Nell’occasione, il presidente della Repubblica Popolare Cinese Xi Jinping ha sottolineato e ribadito al suo omologo indonesiano la determinazione cinese nel cogliere questa occasione come uno strumento per approfondire ulteriormente la cooperazione strategica con l’Indonesia.

Alla base di questa dichiarazione si cela l’intenzione di Xi Jinping di presentare la Cina come un modello per le nazioni in via di sviluppo, ponendo in risalto l’importanza di condividere un destino congiunto all’interno di una “comunità con un futuro condiviso” (“a comunity with a shared future”), allo scopo di promuovere la solidarietà e la collaborazione, catalizzando, così, le energie e le sinergie verso uno sviluppo che sia condiviso e non conflittuale.

Relazioni Sino-Indonesiane

Per decenni, l’Indonesia è stato uno dei più forti sostenitori del “Movimento del non allineamento” e di un approccio di de-escalation dei conflitti; pur attraversando periodi altalenanti, questo atteggiamento ha consentito il mantenimento di buone relazioni con gli attori presenti nella regione, inclusa la Cina.

Dopo aver stretto i legami che hanno caratterizzato le relazioni bilaterali tra i due paesi, negli ultimi anni della presidenza del leader indonesiano Sukarno Cina e Indonesia hanno conosciuto un lungo periodo di congelamento delle loro relazioni diplomatiche (1967-1990).

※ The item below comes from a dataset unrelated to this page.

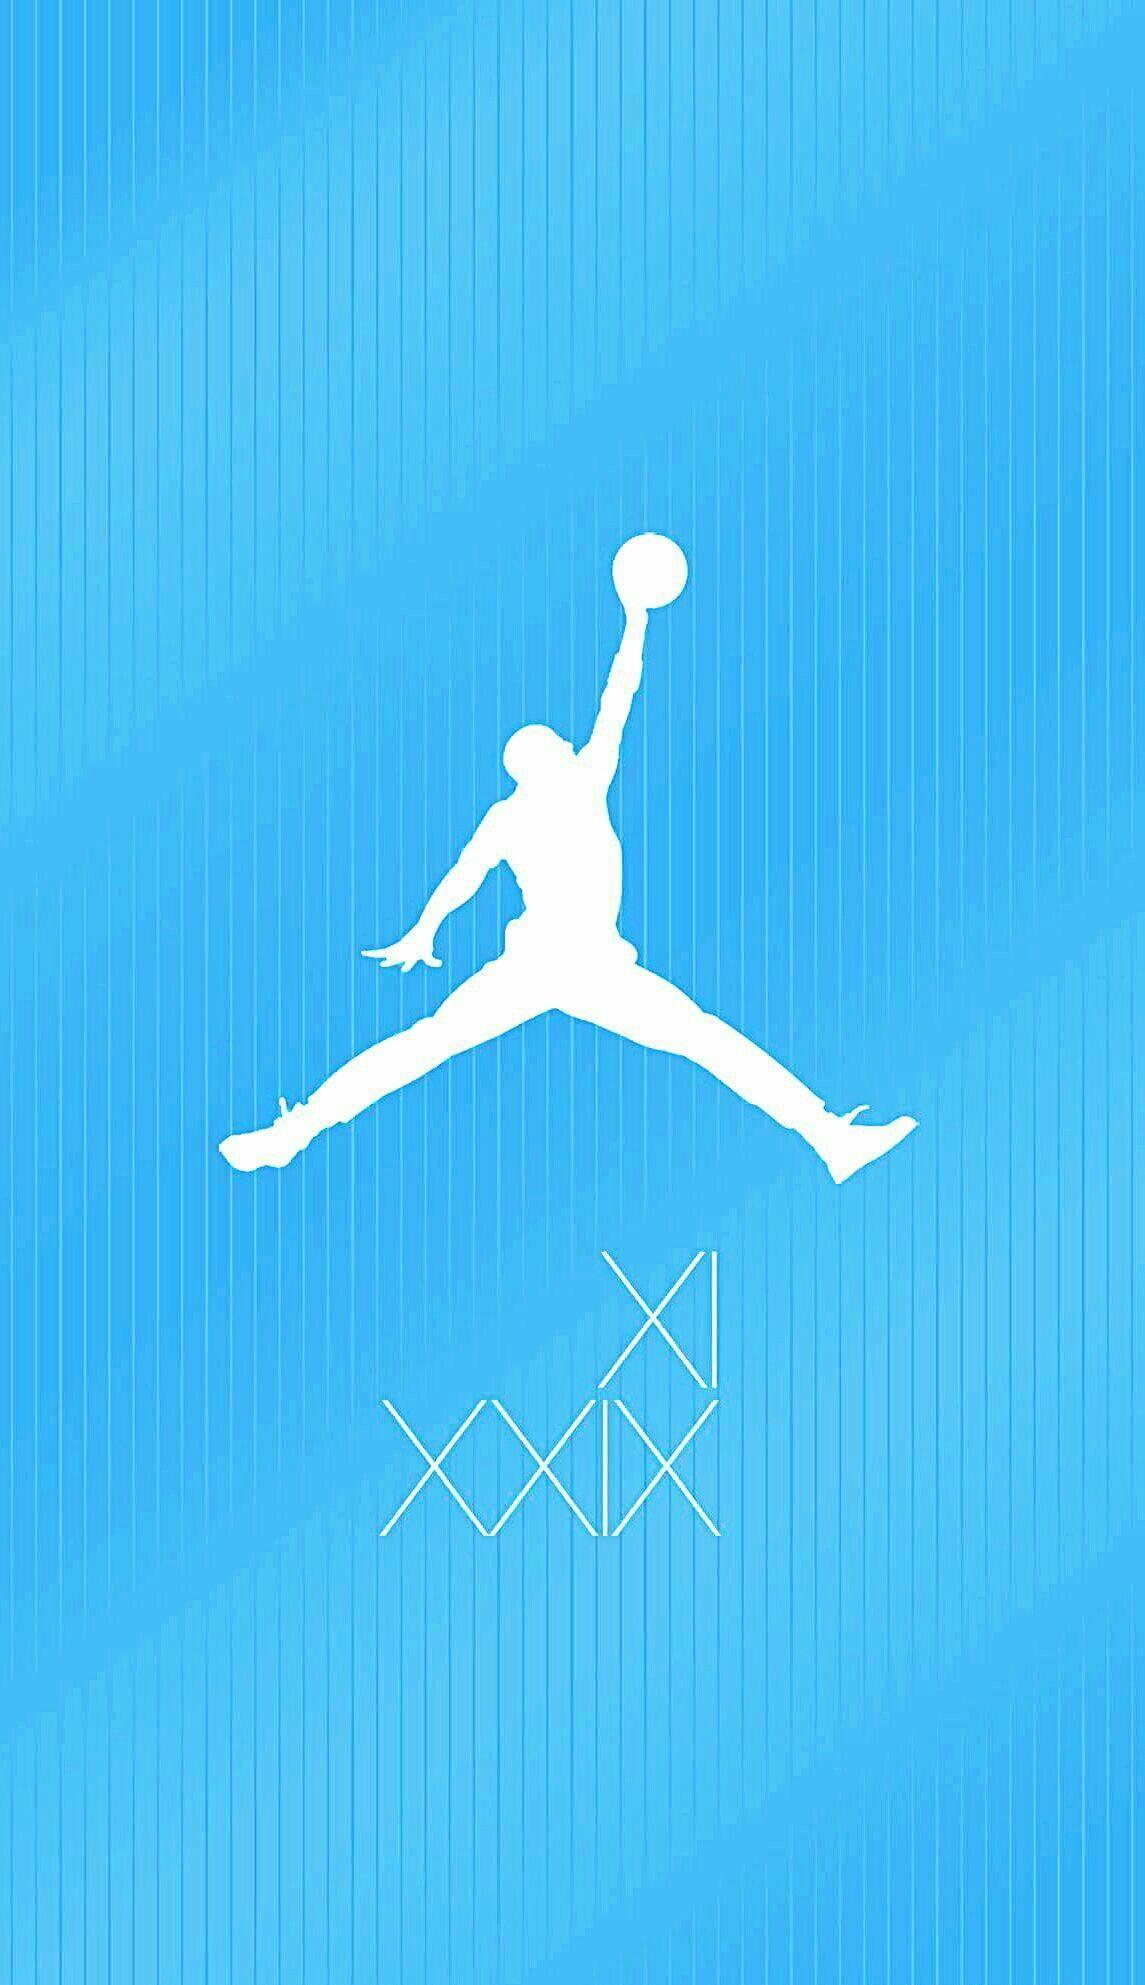 Hypebeast Wallpaper Allezlesbleus Iphone Android Background Owen Sandy Nike Wallpaper Adidas Wallpapers Nike Wallpaper Iphone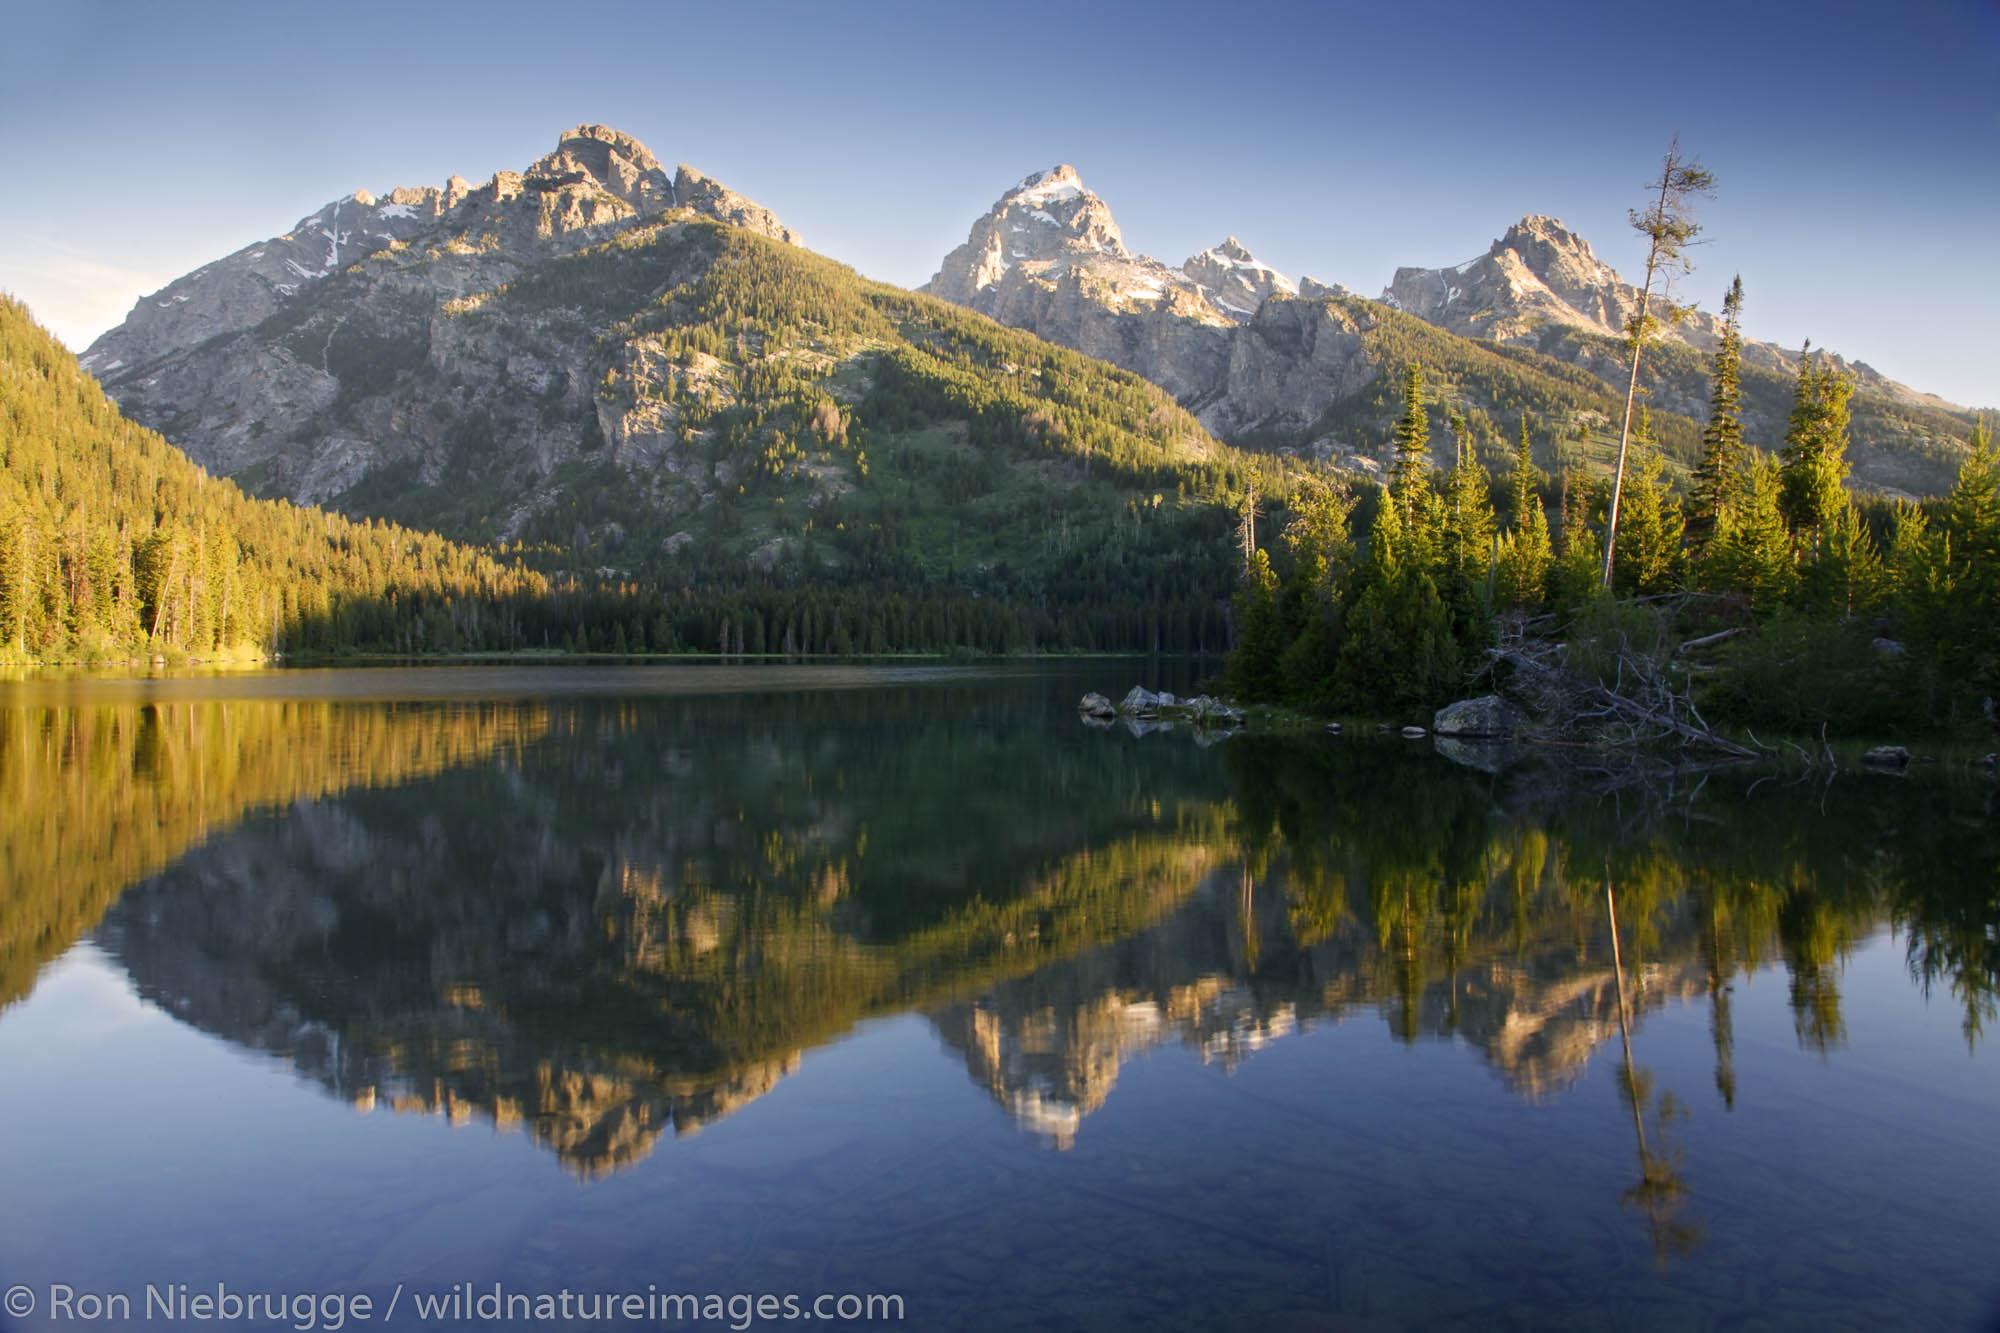 Taggart Lake, Grand Teton National Park, Wyoming.

Sebbene il presidente Soeharto avesse già normalizzato le relazioni con la Cina nel 1990, le relazioni tra Giacarta e Pechino sono migliorate in modo significativo soltanto in seguito alla caduta di quest’ultimo, avvenuta a metà del 1998. Le relazioni tra i due paesi, allora, hanno conosciuto un significativo slancio sotto la presidenza Yudhoyono (2004-2014) anche grazie alla elaborazione di linea di tenuta in politica estera volta ad una maggiore integrazione e cooperazione nel contesto internazionale, ben sintetizzata dalla locuzione “A Million Friends e Zero Enemies”, “un milione di amici, zero nemici“.

Così, nel 2005 Giacarta e Pechino firmarono un “Partenariato strategico”, in seguito rinnovato nel “Partenariato strategico globale” (2013).

È sotto la leadership dell’attuale presidente Joko Widodo (noto anche come Jokowi) che le relazioni sino-indonesiane sono diventate ancora più strette, soprattutto in campo economico.

Negli ultimi anni, infatti, la Cina è diventata uno dei principali partner commerciali dell’Indonesia nonché una delle principali fonti di investimenti esteri da destinare al finanziamento dei progetti infrastrutturali promossi e programmati dal Governo indonesiano; la privilegiata posizione geografica che rende l’Indonesia uno snodo marittimo strategico fa di questo importante Paese del sudest asiatico un partner chiave per la Cina nel contesto dello sviluppo della Belt and Road Initiative.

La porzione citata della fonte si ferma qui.